Must see attractions in Southwestern Sweden

  • Top ChoiceSights in Gothenburg

    Röda Sten Konsthall

    Occupying a defunct power station beside Älvsborgs bridge, Röda Sten Konsthall's four floors serve up edgy, contemporary exhibitions showcasing both Swedish and international artists working in mediums as varied as photography, sound art and installation art. It also hosts the Göteborg International Biennial for Contemporary Art (Gibca). The indie-style cafe serves delicious bites (sandwiches 79kr, dishes 139kr to 169kr), as well as hosting weekly live music. To get here, walk towards the Klippan precinct, continue under Älvsborgsbron and look for the brown-brick building. Beside Röda Sten, check out work-in-progress Draken, a 41m-long sculpture which visitors are welcome to decorate graffiti-style; bring your own paint.

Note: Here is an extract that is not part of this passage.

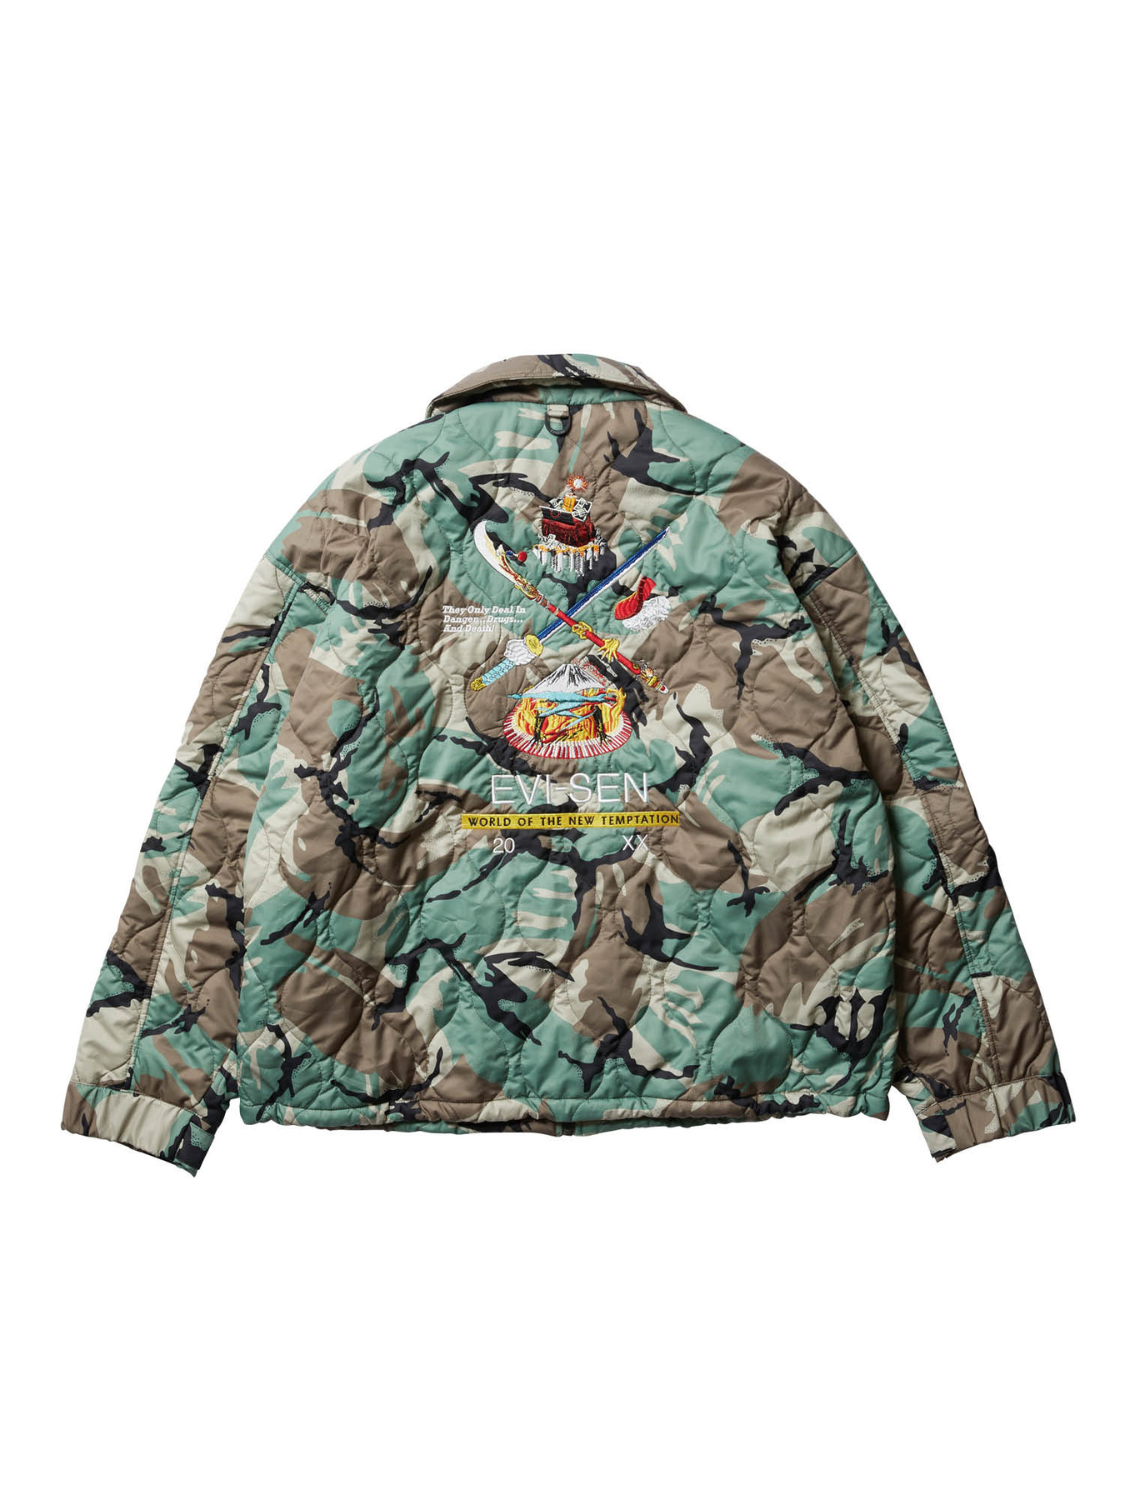 EVISEN Souvenir Quilting Jacket - Camo
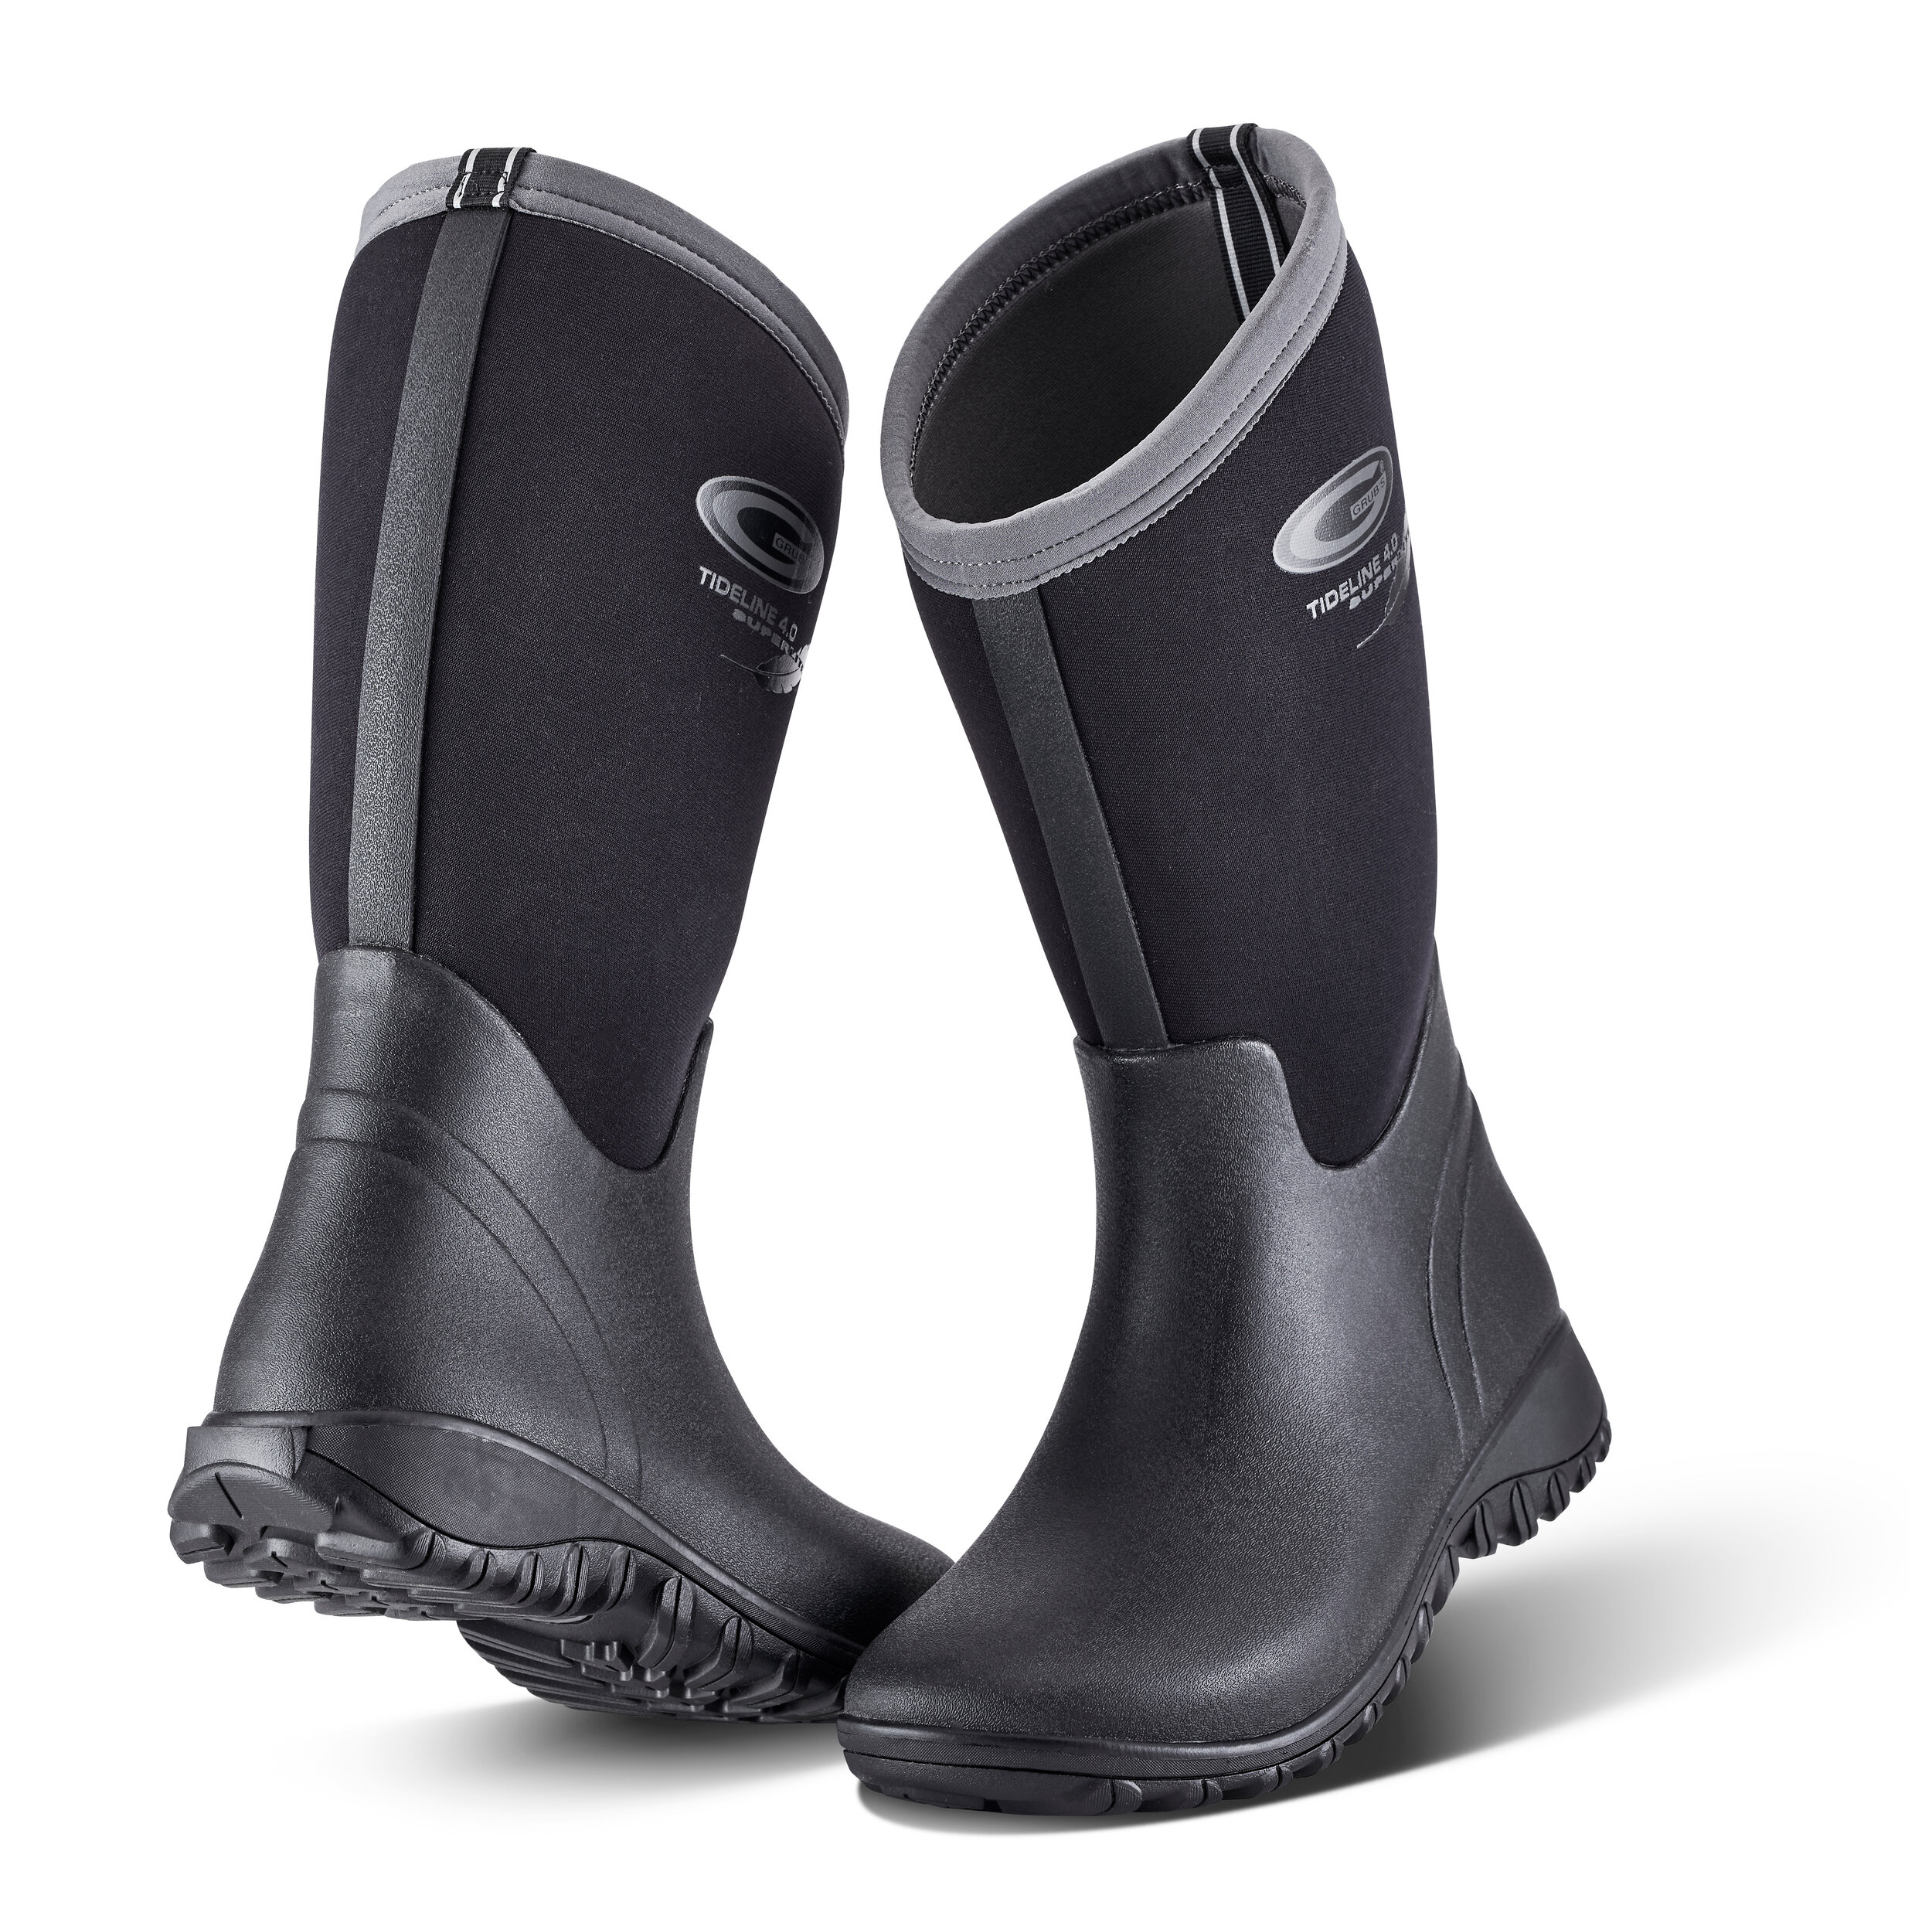 Bogs Crandall Tall Womens Ladies Neoprene Wellies Wellington Boots Grey Size 4-8

  • Top ChoiceSights in Gothenburg

    Konstmuseum

    Home to Gothenburg’s premier art collection, Konstmuseum traverses the Renaissance to the present day, with works by the French impressionists, Rubens, Van Gogh, Rembrandt and Picasso. Scandinavian masters such as Bruno Liljefors, Edvard Munch, Anders Zorn and Carl Larsson have pride of place in the Fürstenburg Galleries, with other highlights including a superb sculpture hall and the Hasselblad Center, the latter home to rotating photography exhibitions featuring both Nordic and global artists. The unveiling of the bronze Poseidon fountain at the front scandalised Gothenburg’s strait-laced citizens, who insisted on drastic penile-reduction surgery.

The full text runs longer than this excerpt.